## INFORMATION SUPPLIED
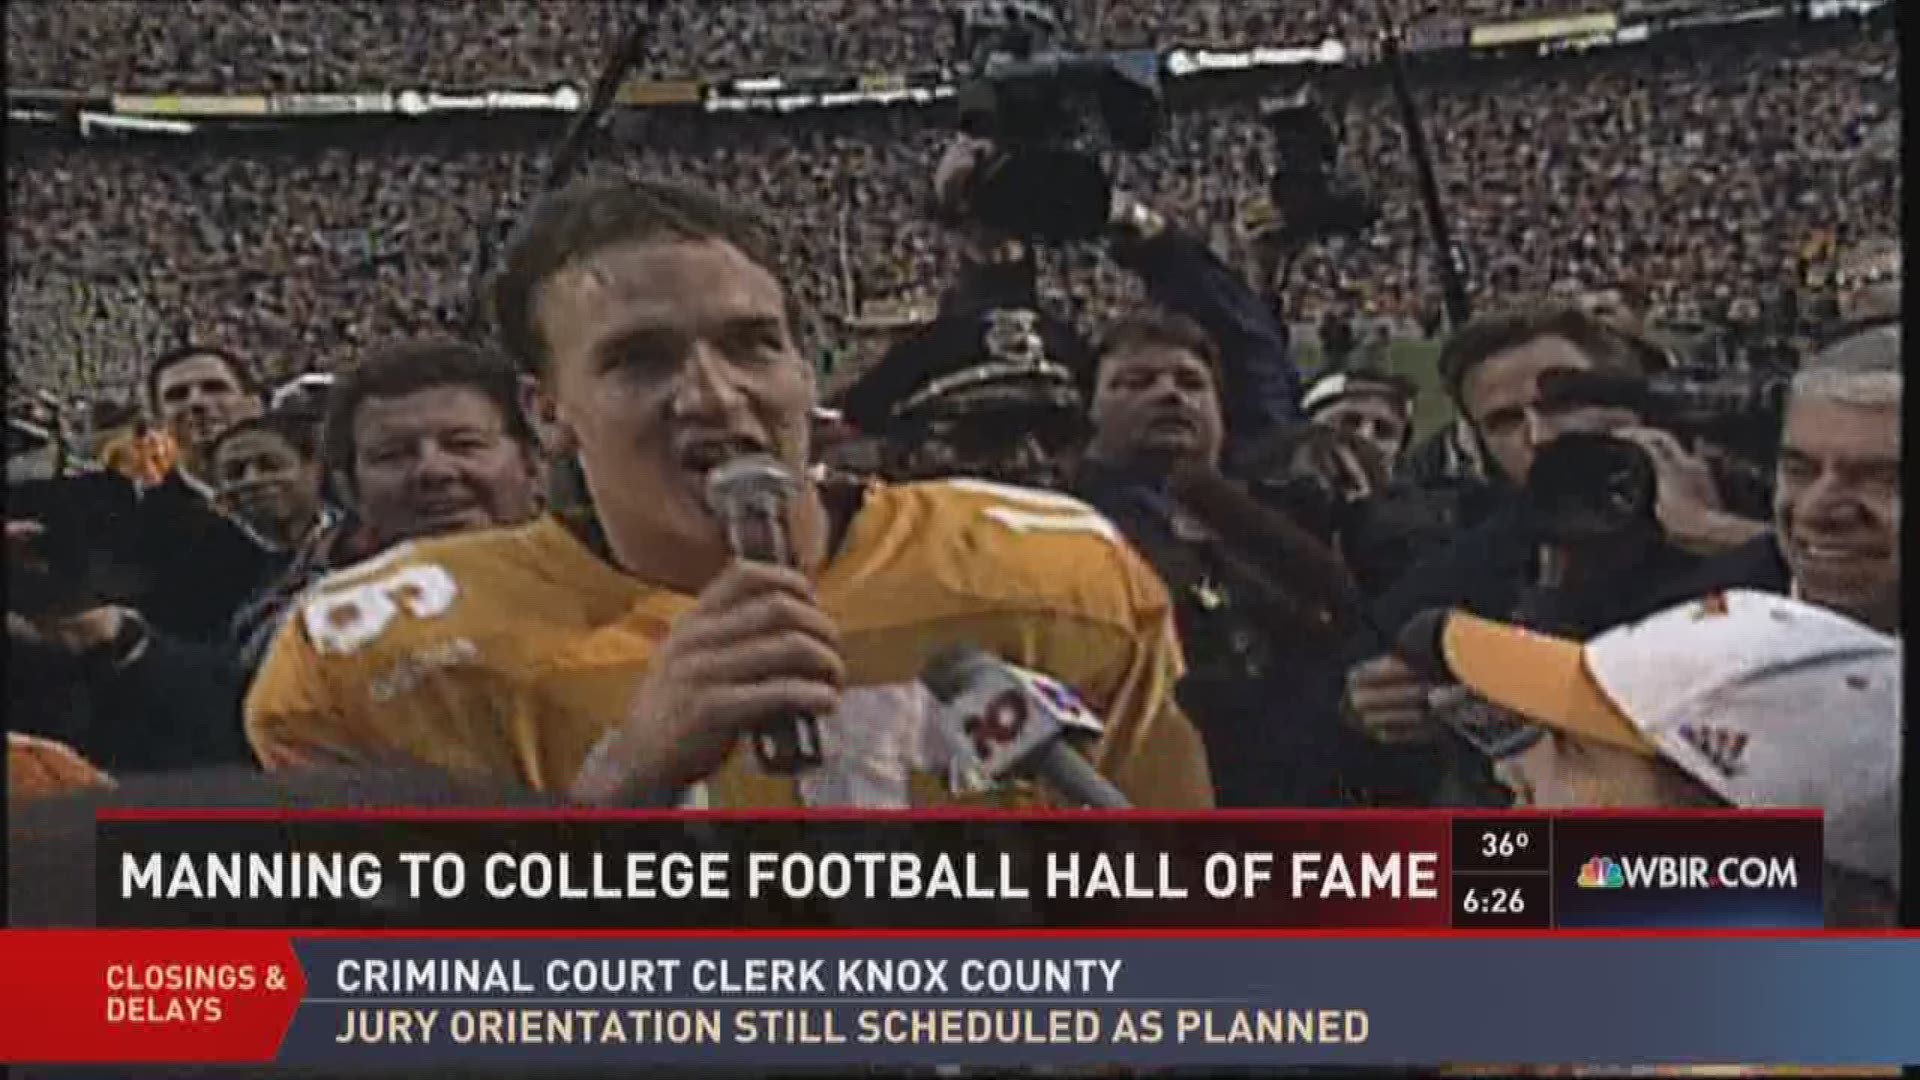 Jan. 9, 2017: Former Tennessee Vols quarterback Peyton Manning has been selected to the College Football Hall of Fame.
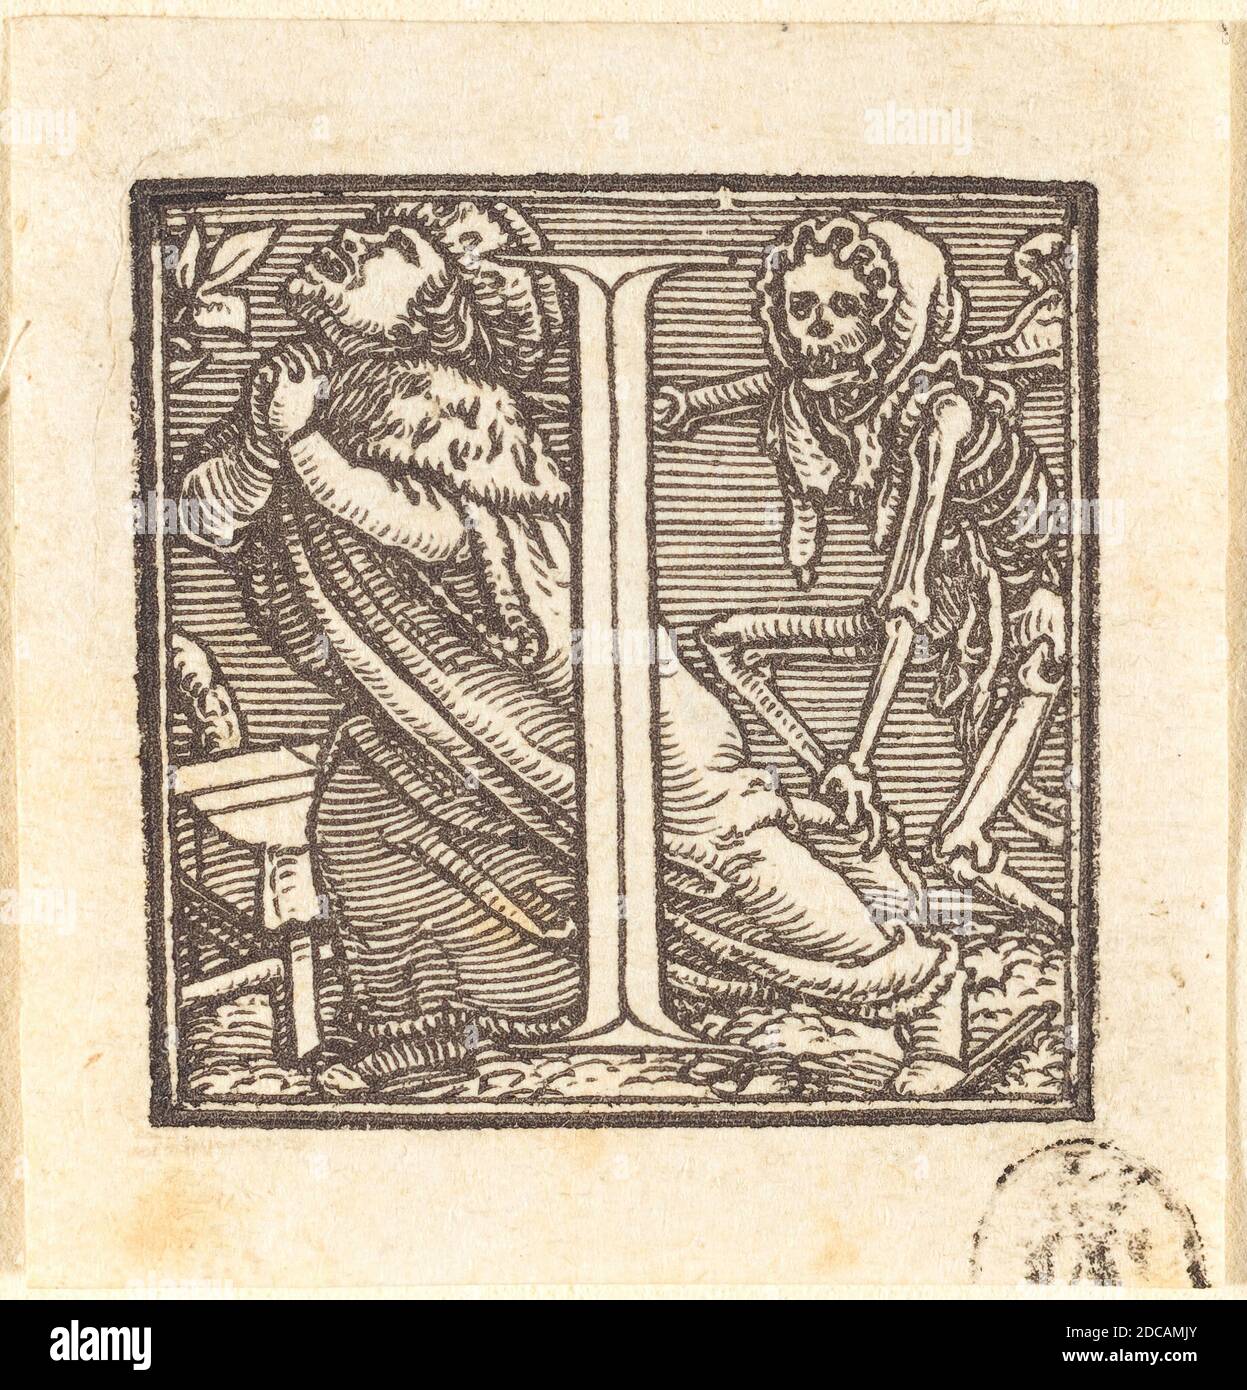 Hans Holbein the Younger, (artist), German, 1497/1498 - 1543, Letter I, Alphabet of Death, (series), woodcut Stock Photo
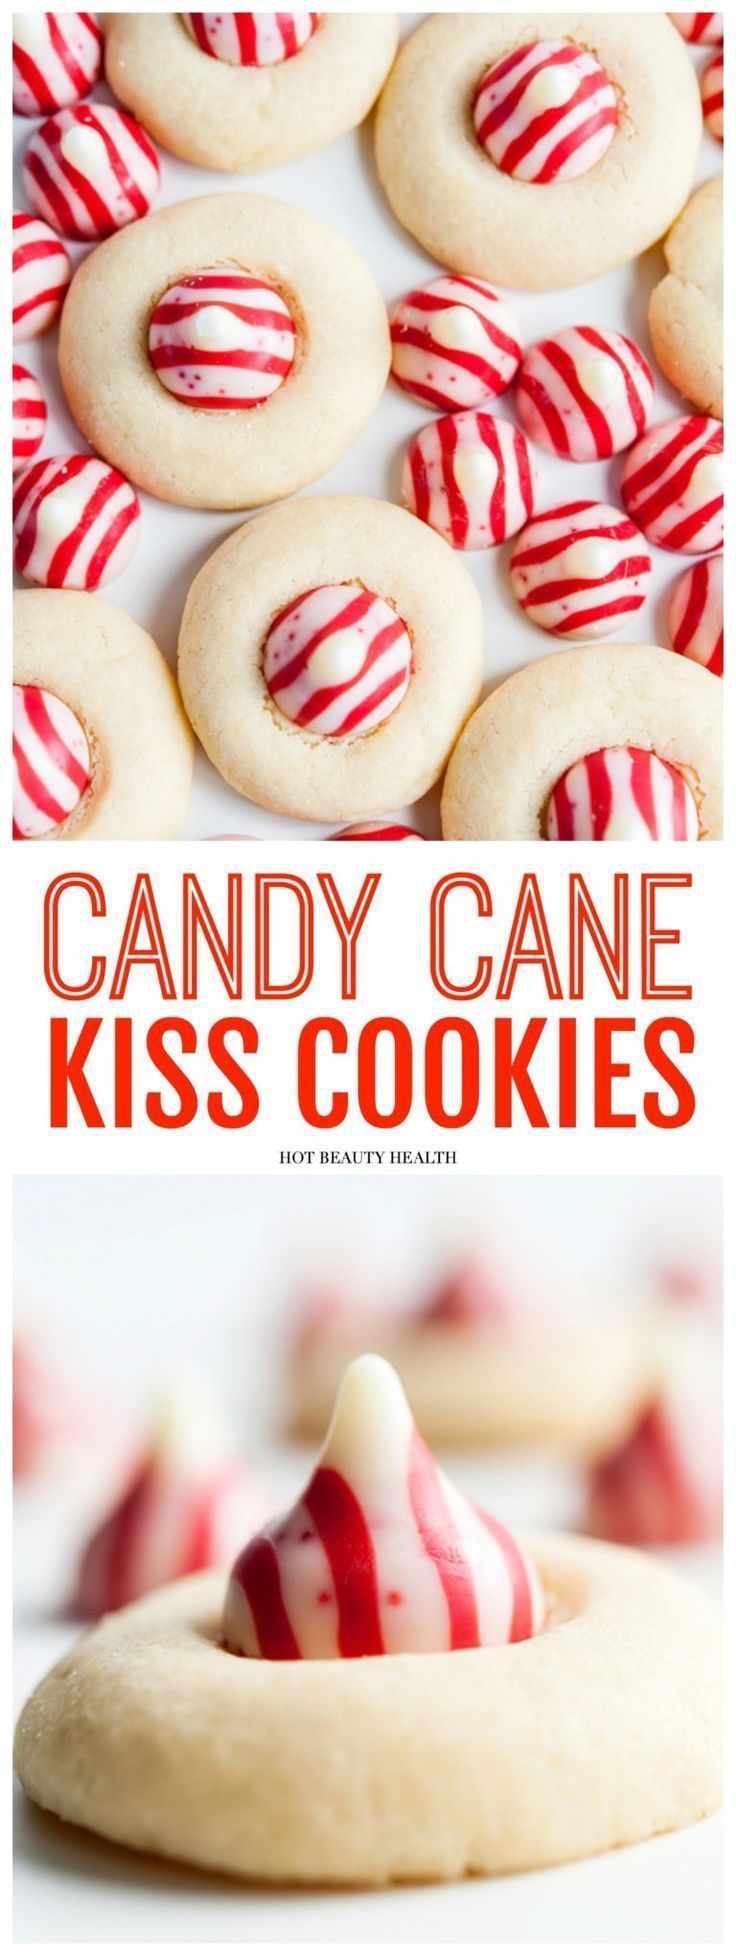 Candy Cane Kiss Cookies Recipe - Hot Beauty Health -   19 holiday Cookies party ideas
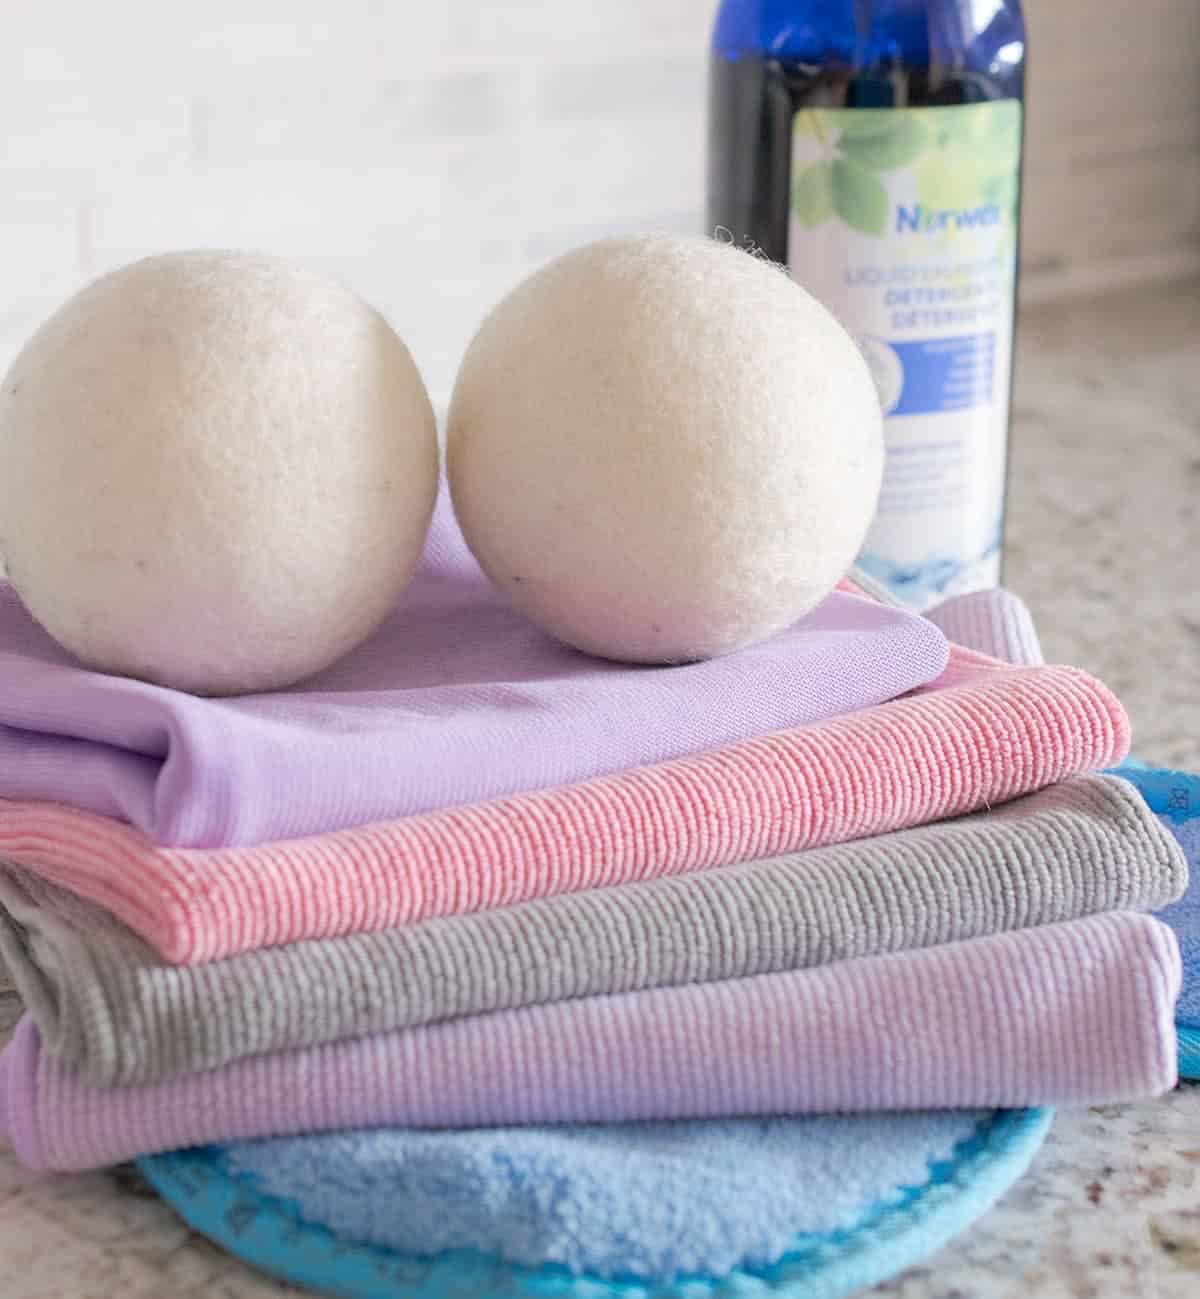 Norwex Enviro Cloth and Window Cloth and two Norwex cleaning balls, solution in background.

## PROBLEM REQUIREMENTS
Take the line that holds "Hans Holbein the" as the start and the last line of the data as the end. Copy only those lines exactly, both ends included, except the pictures.

## EXERCISE OUTPUT
 Hans Holbein the Younger, (artist), German, 1497/1498 - 1543, Letter I, Alphabet of Death, (series), woodcut Stock Photo
 Candy Cane Kiss Cookies Recipe - Hot Beauty Health -   19 holiday Cookies party ideas
 Norwex Enviro Cloth and Window Cloth and two Norwex cleaning balls, solution in background.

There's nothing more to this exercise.